Get notified when new applications in this technology area are published.

Classification:

G06F40/40 »  CPC further

Handling natural language data Processing or translation of natural language

Description

TECHNICAL FIELD

The present disclosure is generally directed to methods and systems for using machine learning models for configuring and controlling imaging devices.

BACKGROUND

The background description provided herein is for the purpose of generally presenting the context of the disclosure. Work of the presently named inventor, to the extent it is described in this background section, as well as aspects of the description that may not otherwise qualify as prior art at the time of filing, are neither expressly nor impliedly admitted as prior art against the present disclosure.

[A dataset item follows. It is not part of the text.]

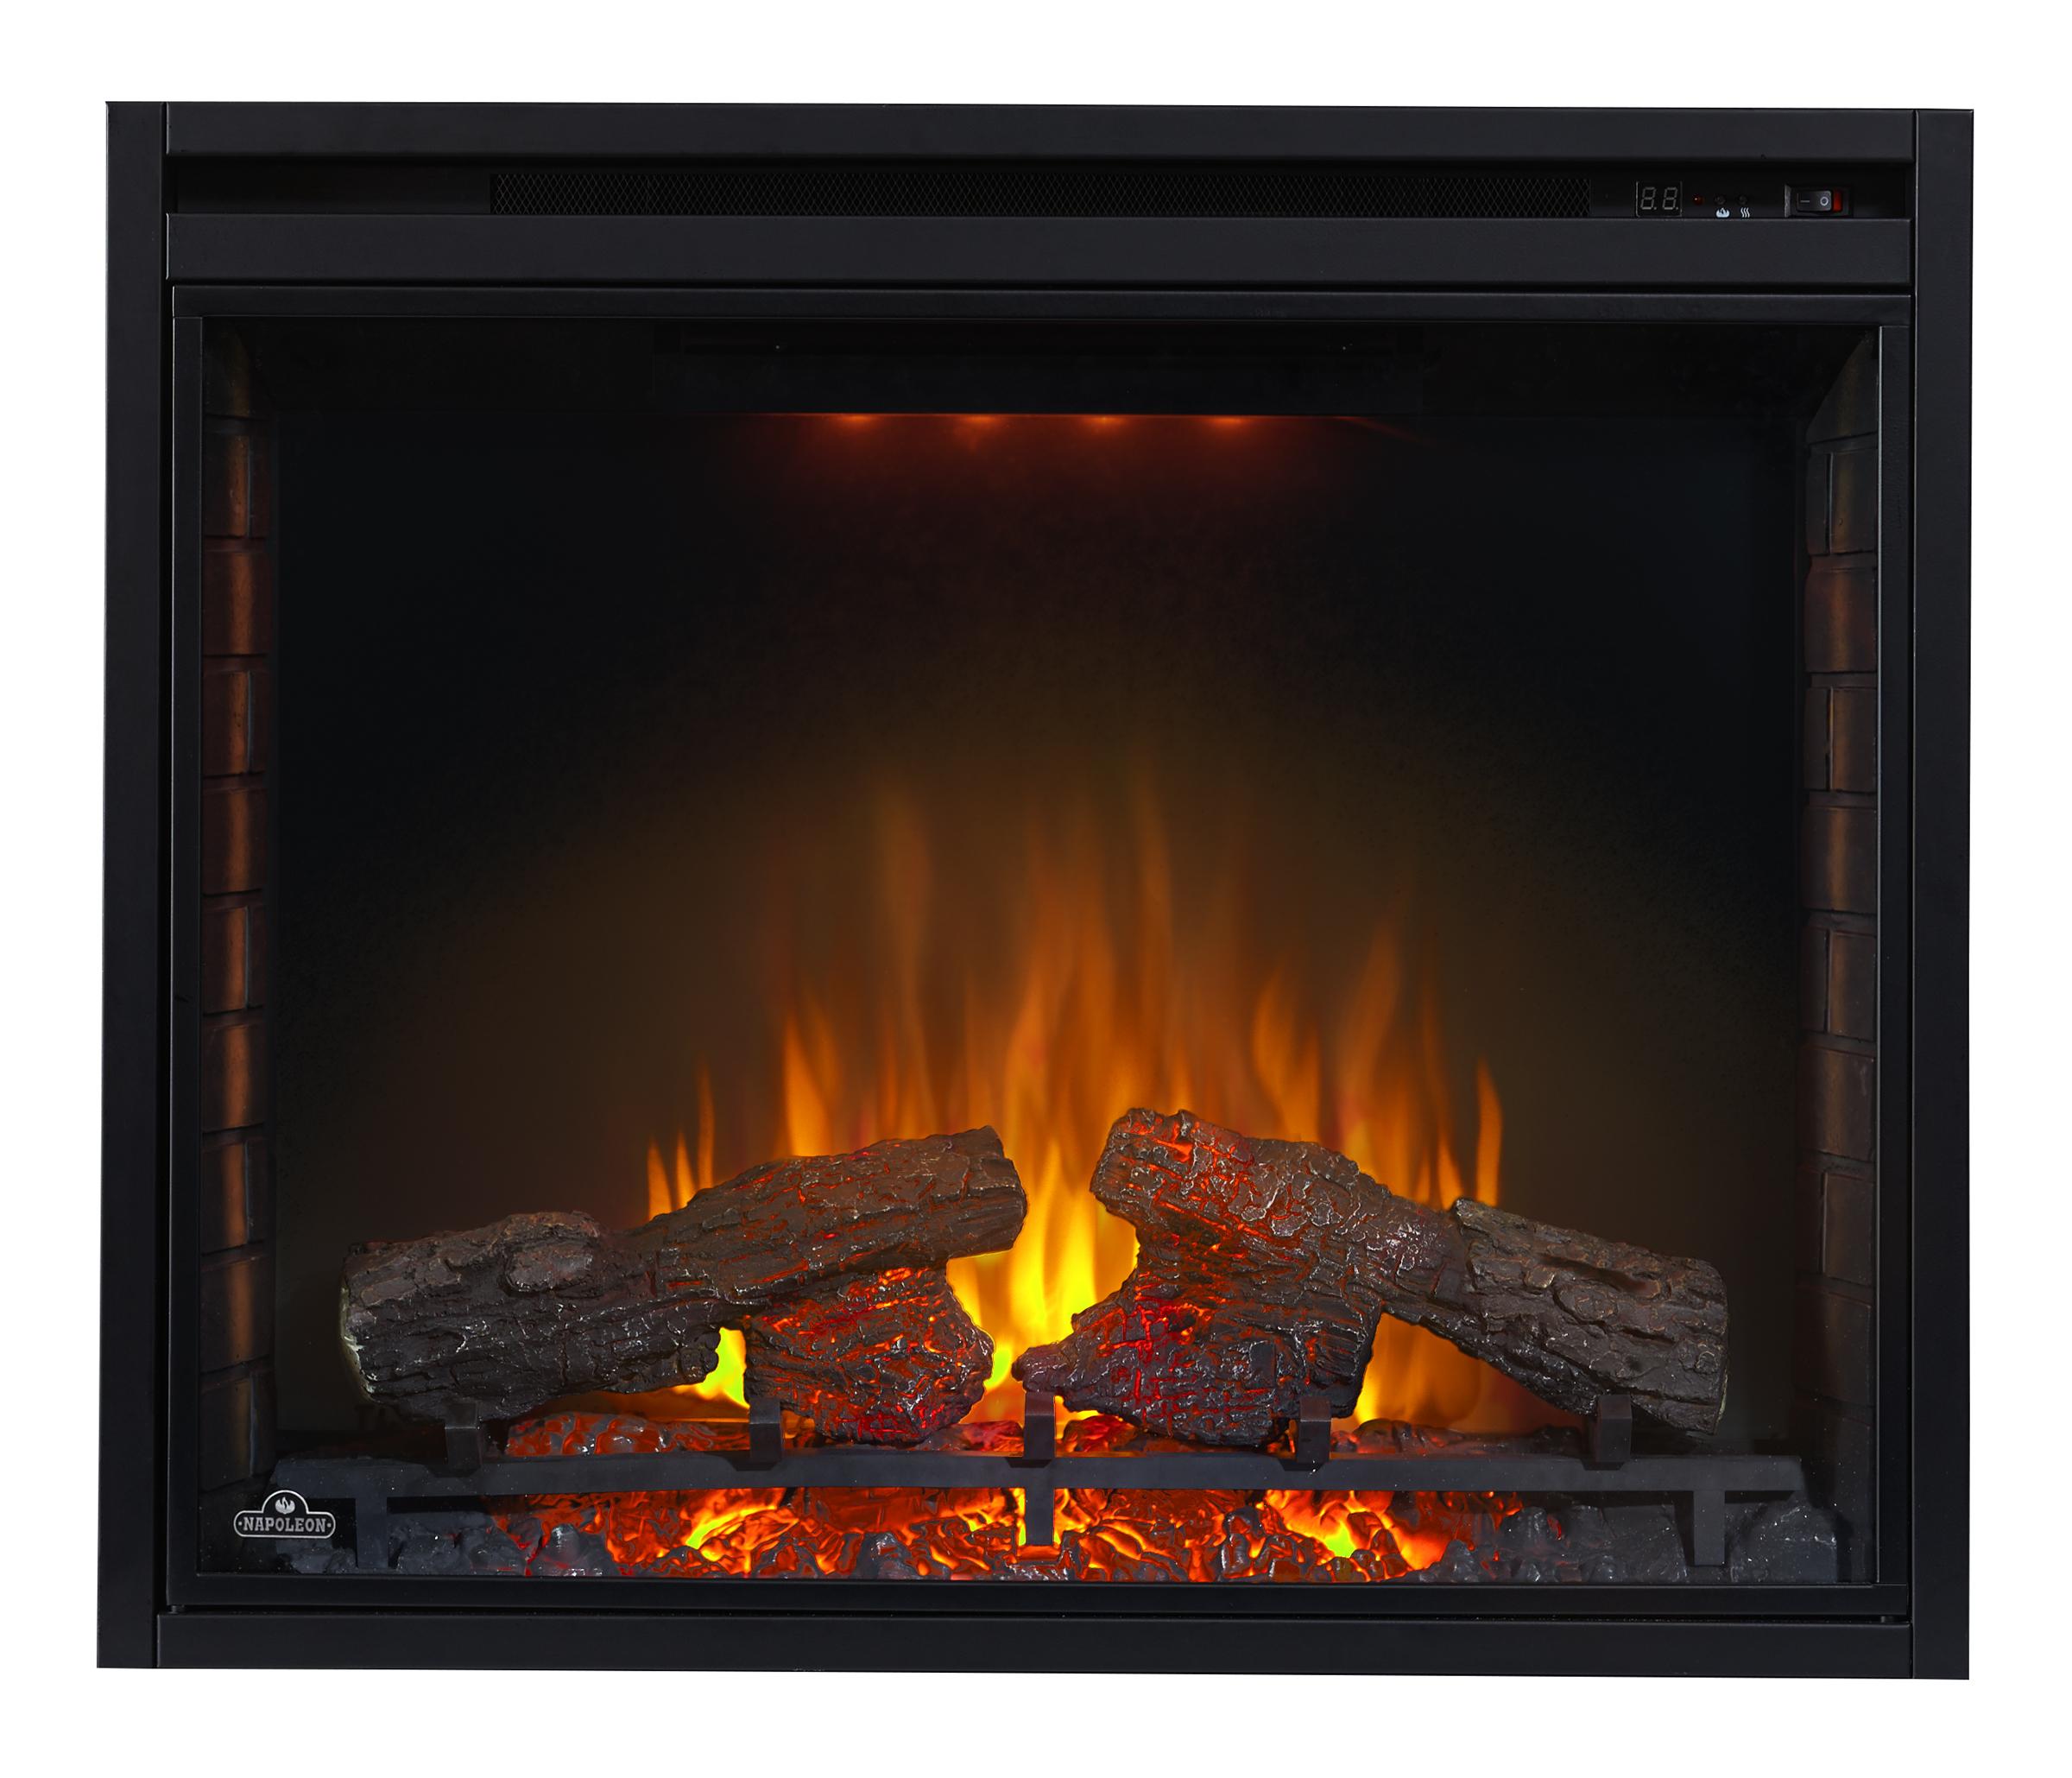 bef33h-orange-napoleon-fireplaces.jpg

Imaging devices, such as those used in machine vision applications, include many settings (e.g., operation parameters) that can be adjusted to meet the needs of a particular machine vision application. For example, settings such as exposure, an aperture opening, etc. may be adjusted to capture images that fit the needs of a particular application. However, the multitude of settings makes adjusting the settings of an imaging device to achieve a desired image difficult. Moreover, different imaging devices may have different settings, or may use different naming conventions for the same setting, further increasing the difficulty of adjusting image device settings. Thus, there exists an opportunity for controlling image devices with machine learning and generative artificial intelligence.

BRIEF SUMMARY

In one aspect, a method for controlling an imaging device includes receiving, at a trained machine learning model from an imaging device, an operating parameter description file; receiving, by one or more processors, a natural language prompt to control the imaging device; generating, by processing a natural language query entered into the natural language prompt and the description file and using the trained machine learning model, a set of executable code corresponding to the natural language prompt for configuring the imaging device operating parameters; transmitting, by the one or more processors, the set of executable code to the imaging device to cause the imaging device to execute the set of executable code to generate an output; and causing, by the one or more processors, the output to be displayed in an output device.

BRIEF DESCRIPTION OF THE FIGURES

The figures described below depict various implementations of the system and methods disclosed therein. It should be understood that each figure depicts one implementation of a particular implementation of the disclosed system and methods, and that each of the figures is intended to accord with a possible implementation thereof. Further, wherever possible, the following description refers to the reference numerals included in the following figures, in which features depicted in multiple figures are designated with consistent reference numerals.

The figures depict preferred implementations for purposes of illustration only. One skilled in the art will readily recognize from the following discussion that alternative implementations of the systems and methods illustrated herein may be employed without departing from the principles of the invention described herein.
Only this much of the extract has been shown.